> [Task prompt] When you retype the data, keep every word exactly and include none of the pictures.

> [Source data]
....................

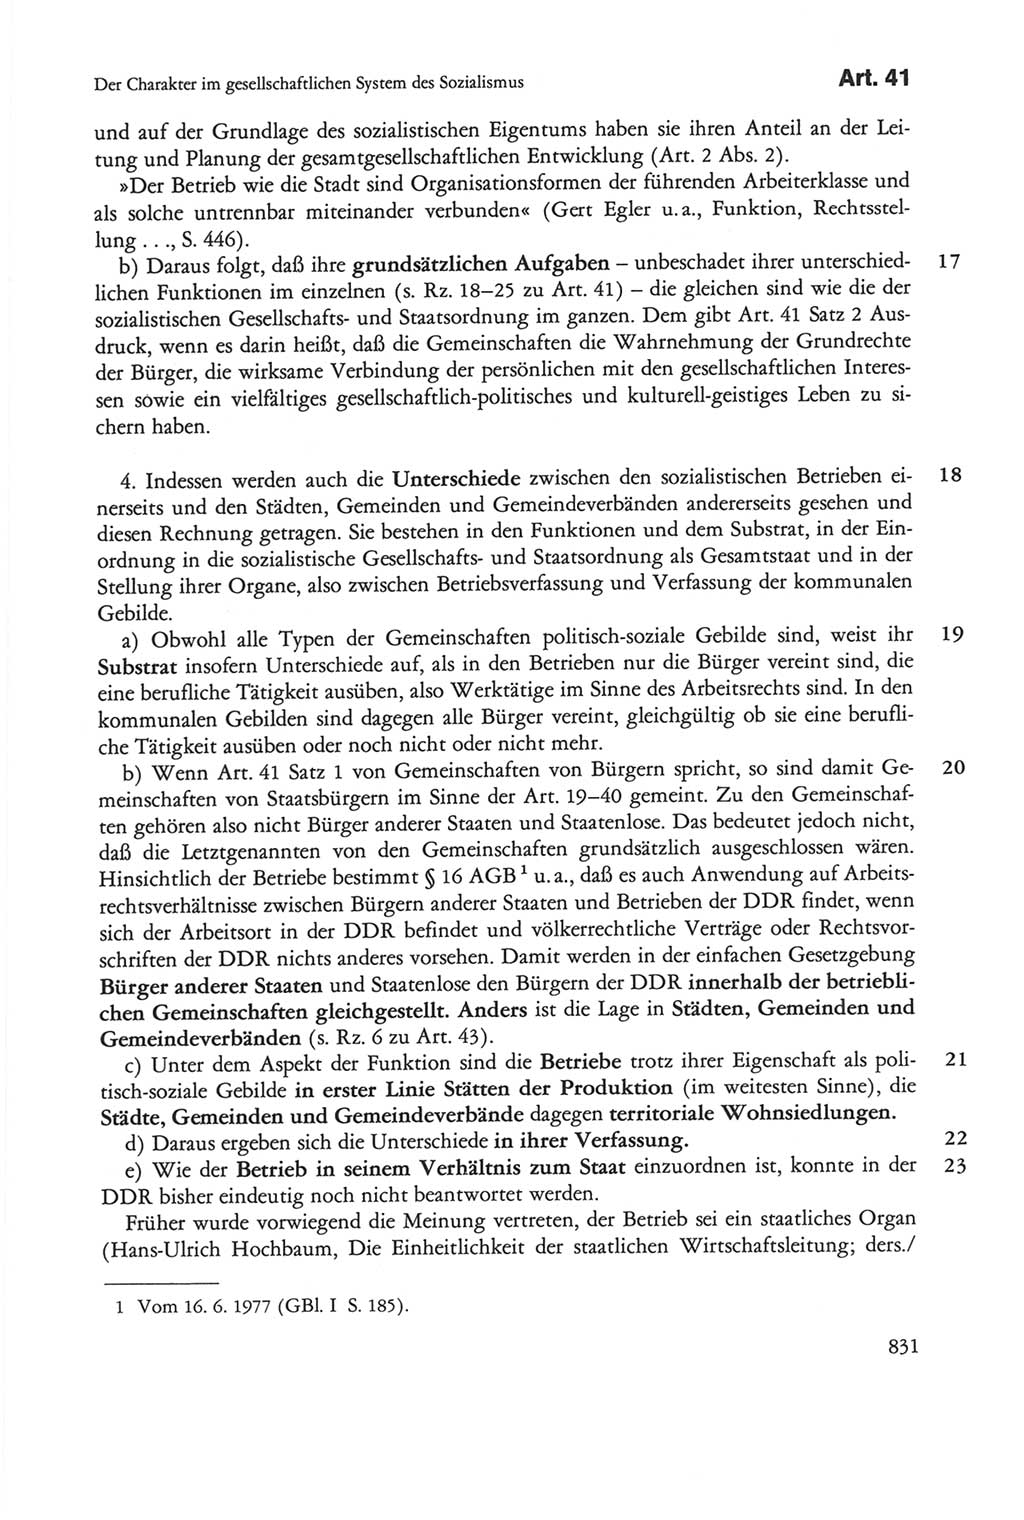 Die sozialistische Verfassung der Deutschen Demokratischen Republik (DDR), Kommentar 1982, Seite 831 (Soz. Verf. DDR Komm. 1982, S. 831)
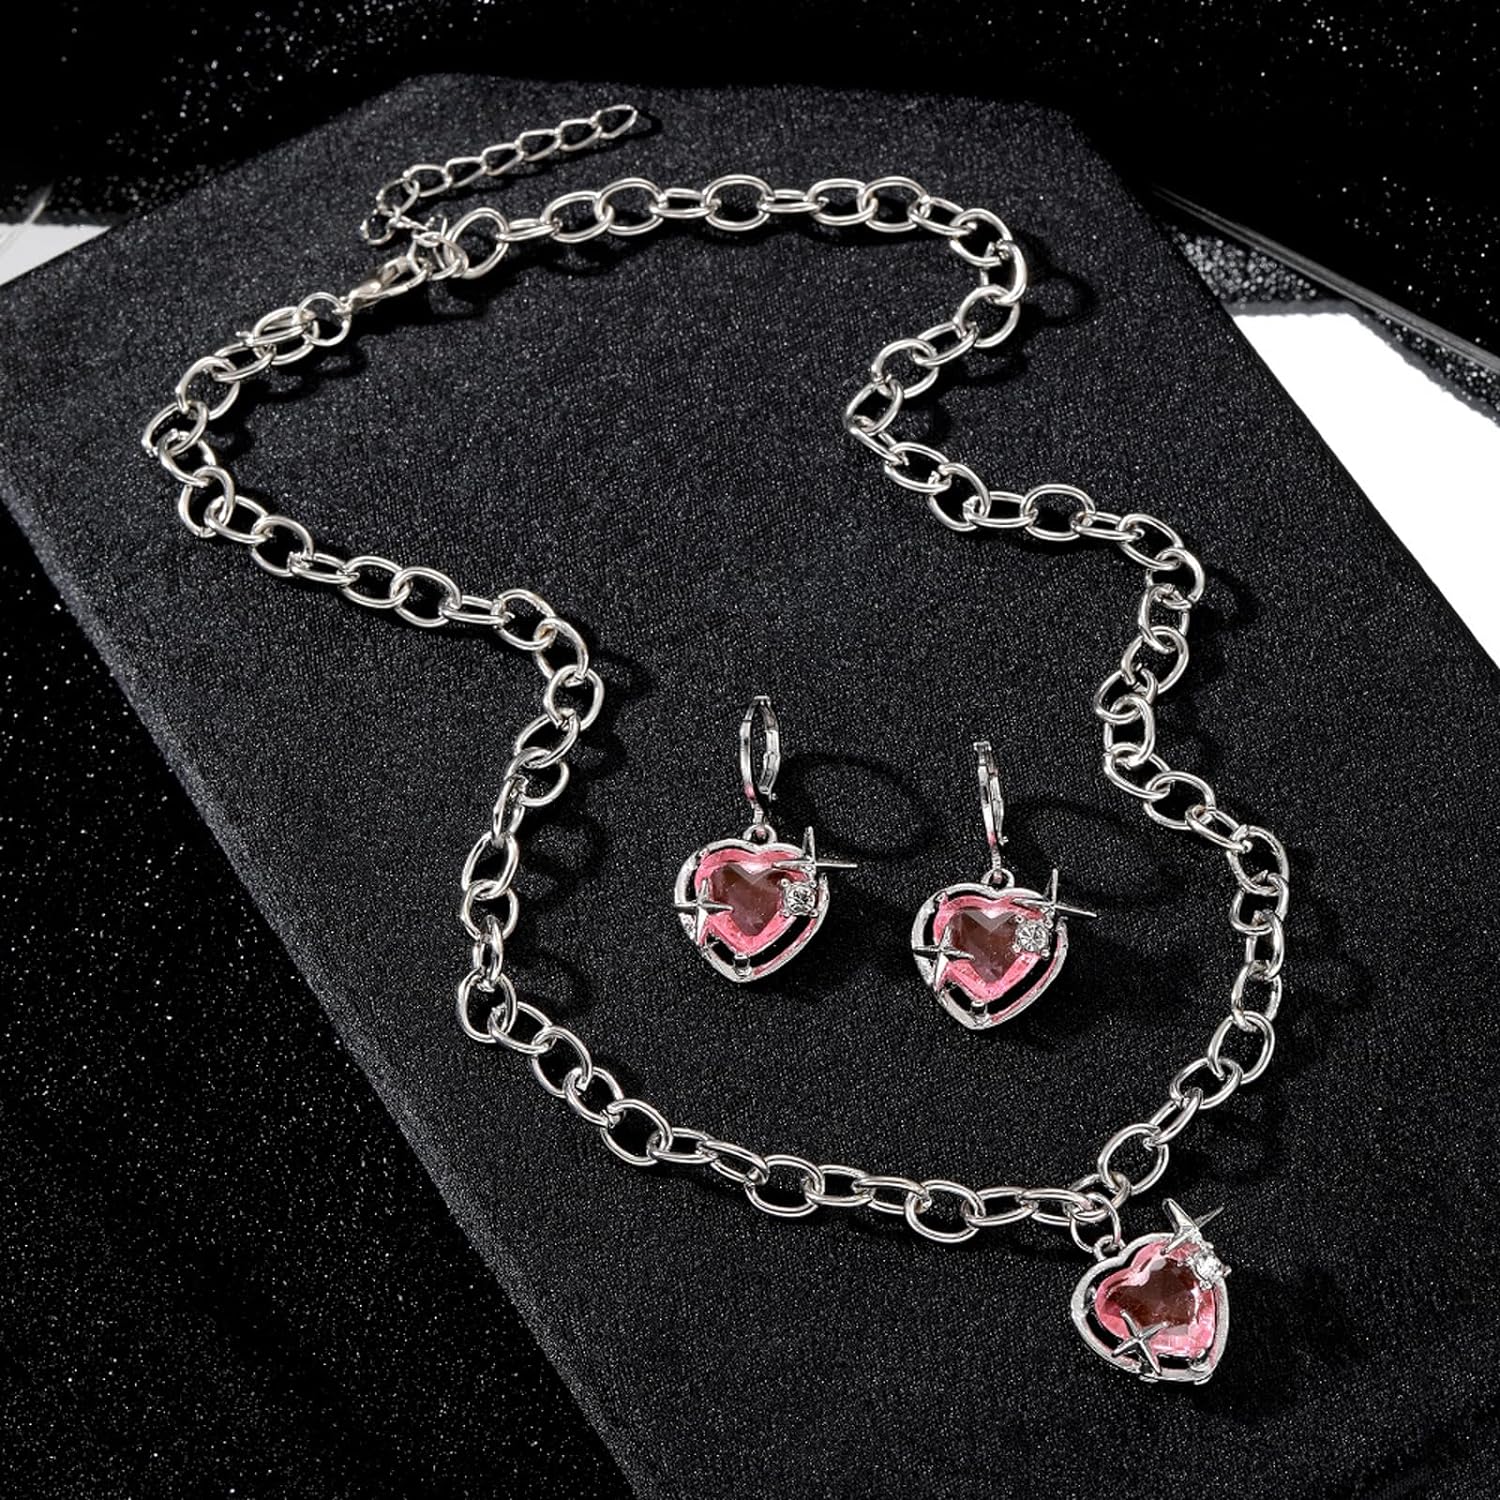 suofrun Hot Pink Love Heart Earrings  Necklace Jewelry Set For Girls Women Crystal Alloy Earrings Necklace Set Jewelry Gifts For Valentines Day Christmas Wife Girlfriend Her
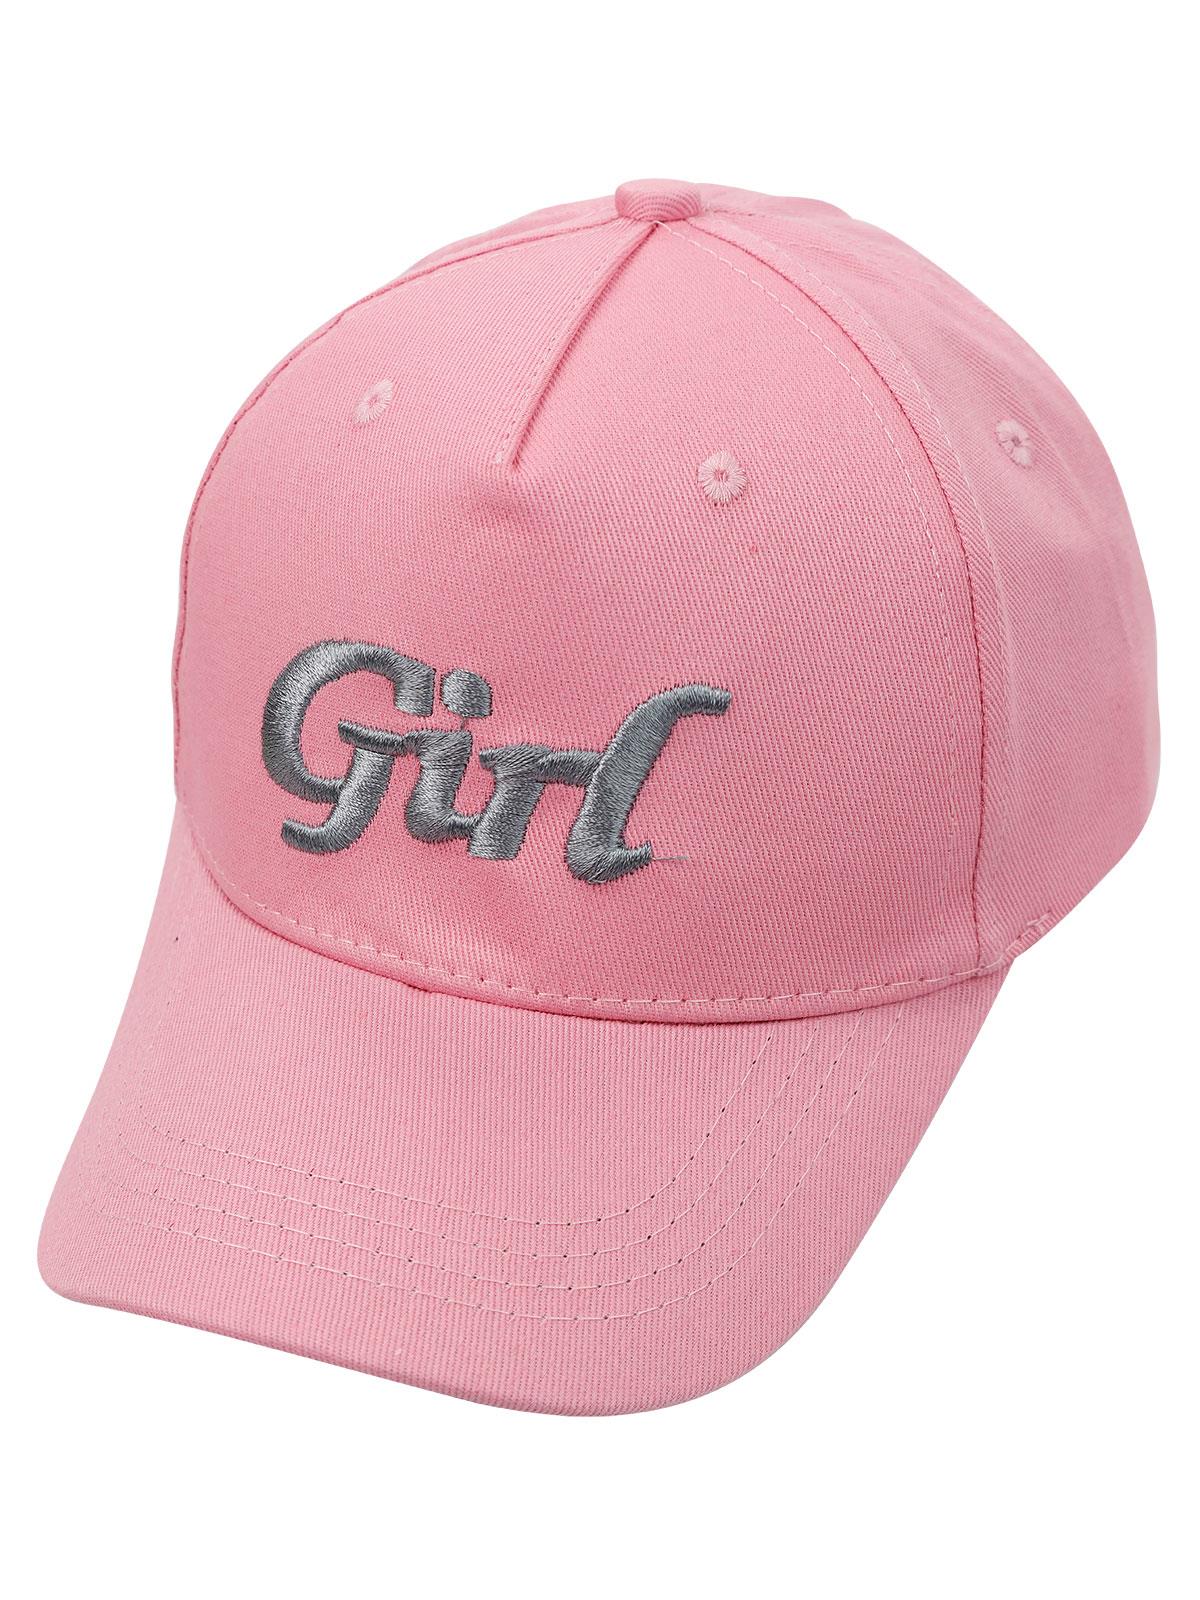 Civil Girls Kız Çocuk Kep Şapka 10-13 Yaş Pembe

....................

> [Answer section]
 Die sozialistische Verfassung der Deutschen Demokratischen Republik (DDR), Kommentar 1982, Seite 831 (Soz. Verf. DDR Komm. 1982, S. 831)
 suofrun Hot Pink Love Heart Earrings  Necklace Jewelry Set For Girls Women Crystal Alloy Earrings Necklace Set Jewelry Gifts For Valentines Day Christmas Wife Girlfriend Her
 Civil Girls Kız Çocuk Kep Şapka 10-13 Yaş Pembe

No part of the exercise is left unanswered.